Instructions for the task:
No pictures belong in the copy, but every line of the material below must be reproduced exactly.
-- Dataset extract follows --
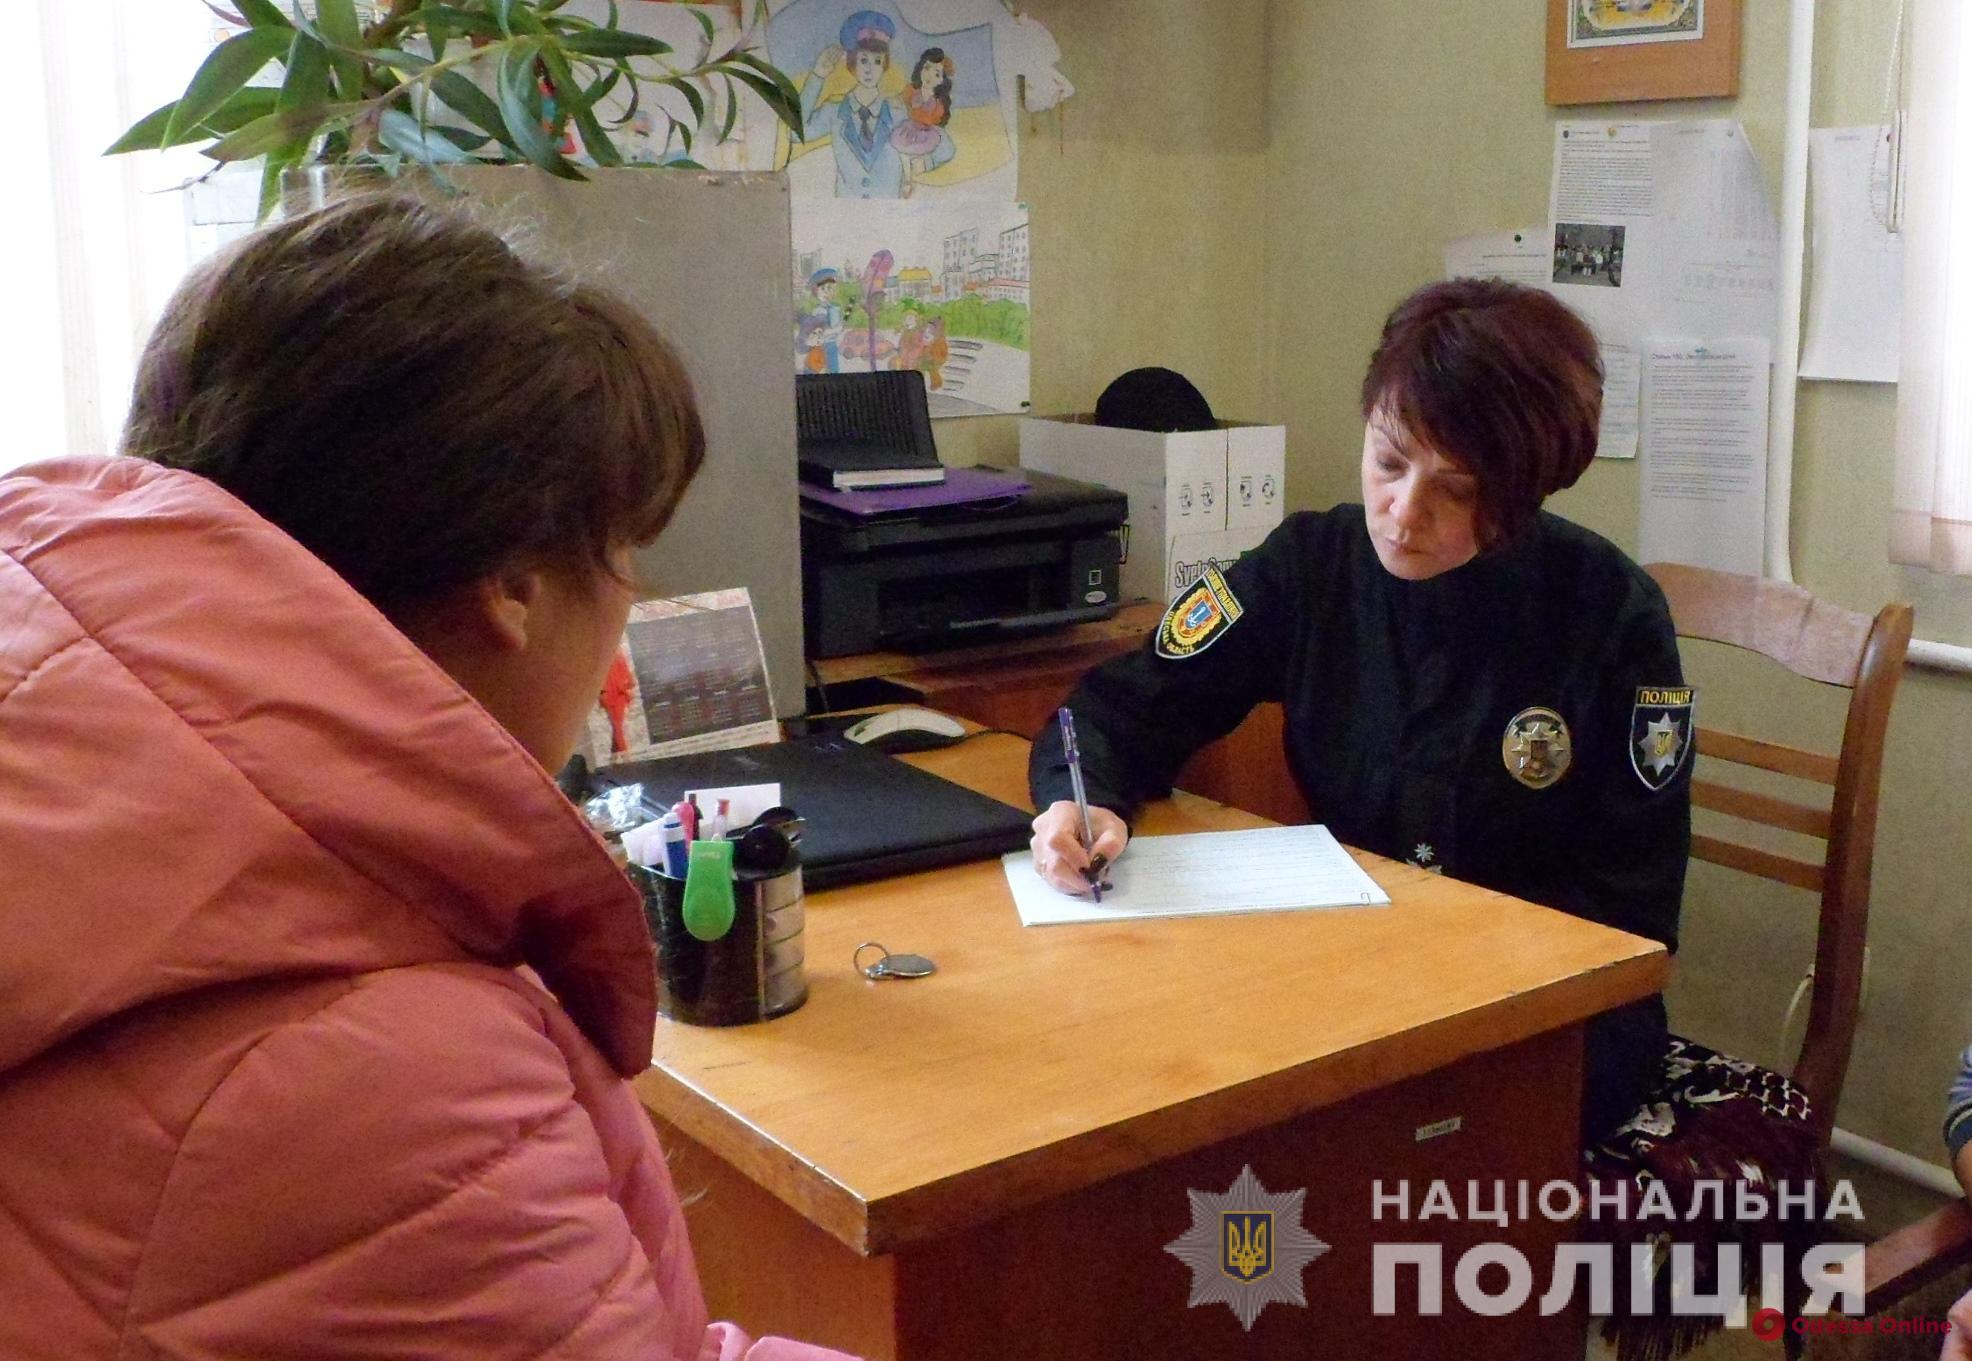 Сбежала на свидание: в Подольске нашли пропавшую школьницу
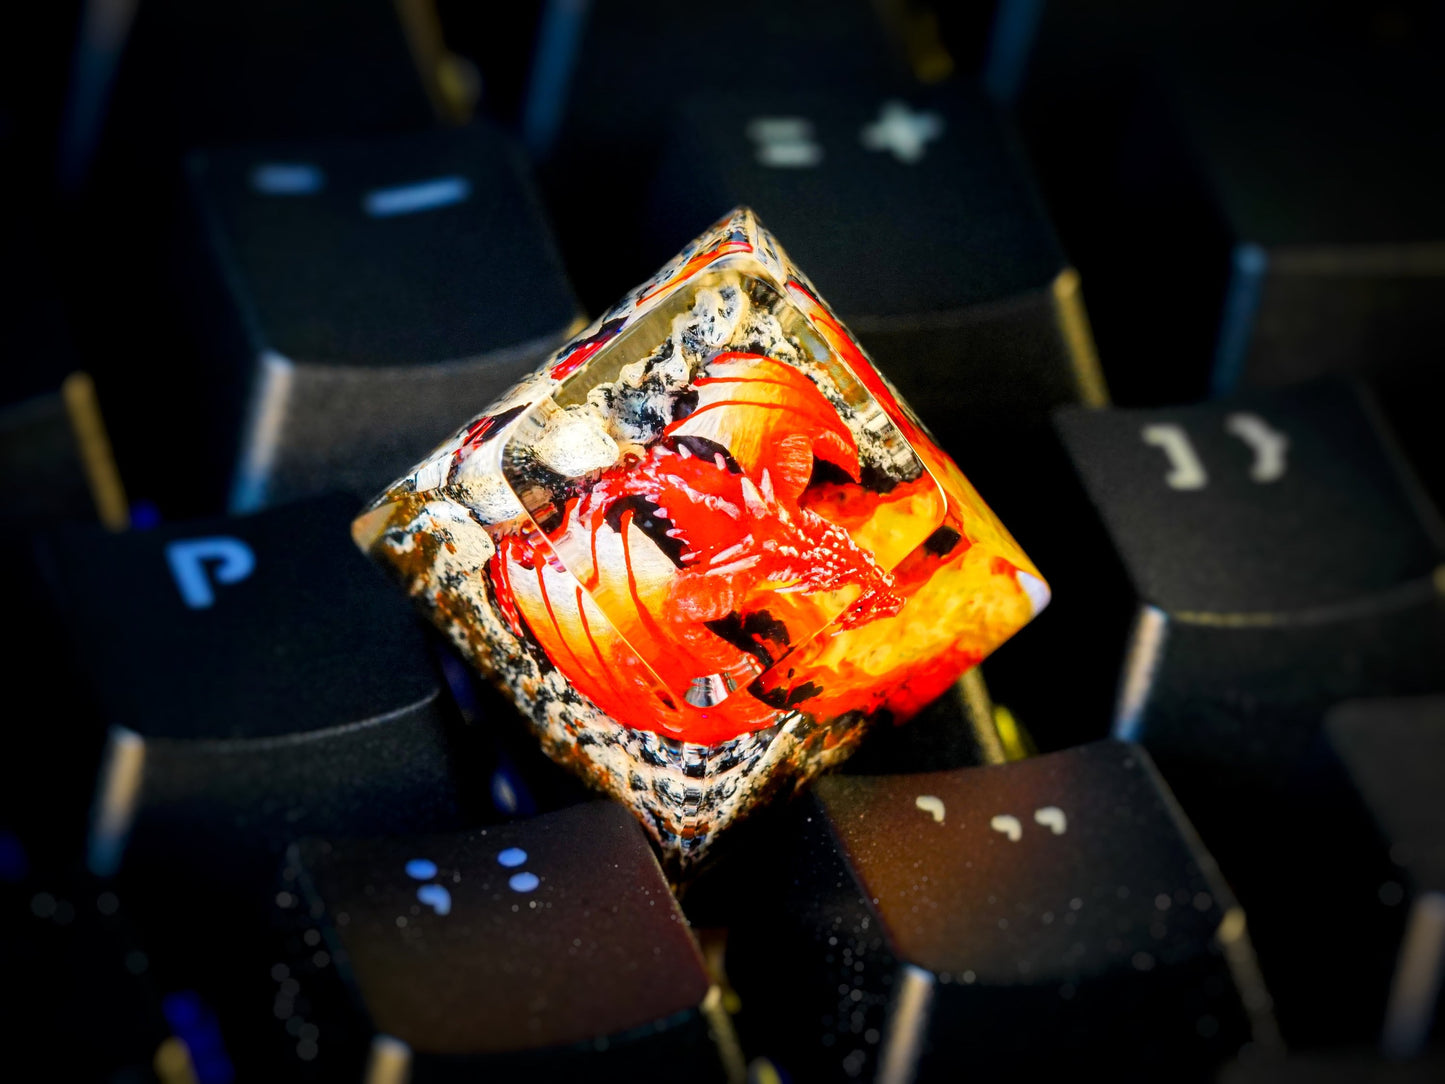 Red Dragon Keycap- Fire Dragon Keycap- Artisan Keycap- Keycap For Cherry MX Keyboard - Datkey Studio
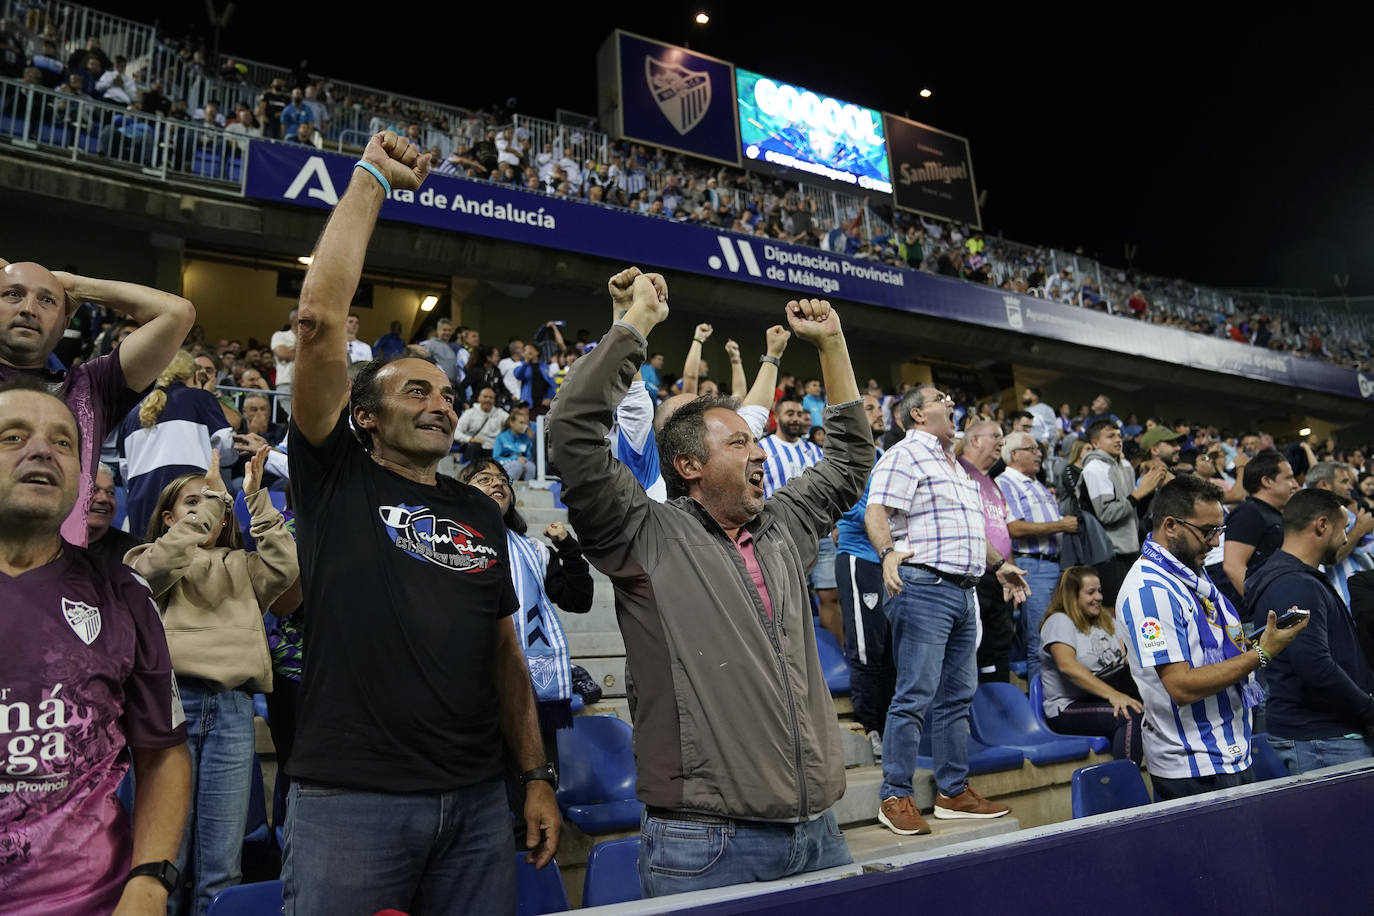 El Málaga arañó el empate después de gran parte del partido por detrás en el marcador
-- Dataset extract concluded --
Result:
 Сбежала на свидание: в Подольске нашли пропавшую школьницу
 Red Dragon Keycap- Fire Dragon Keycap- Artisan Keycap- Keycap For Cherry MX Keyboard - Datkey Studio
 El Málaga arañó el empate después de gran parte del partido por detrás en el marcador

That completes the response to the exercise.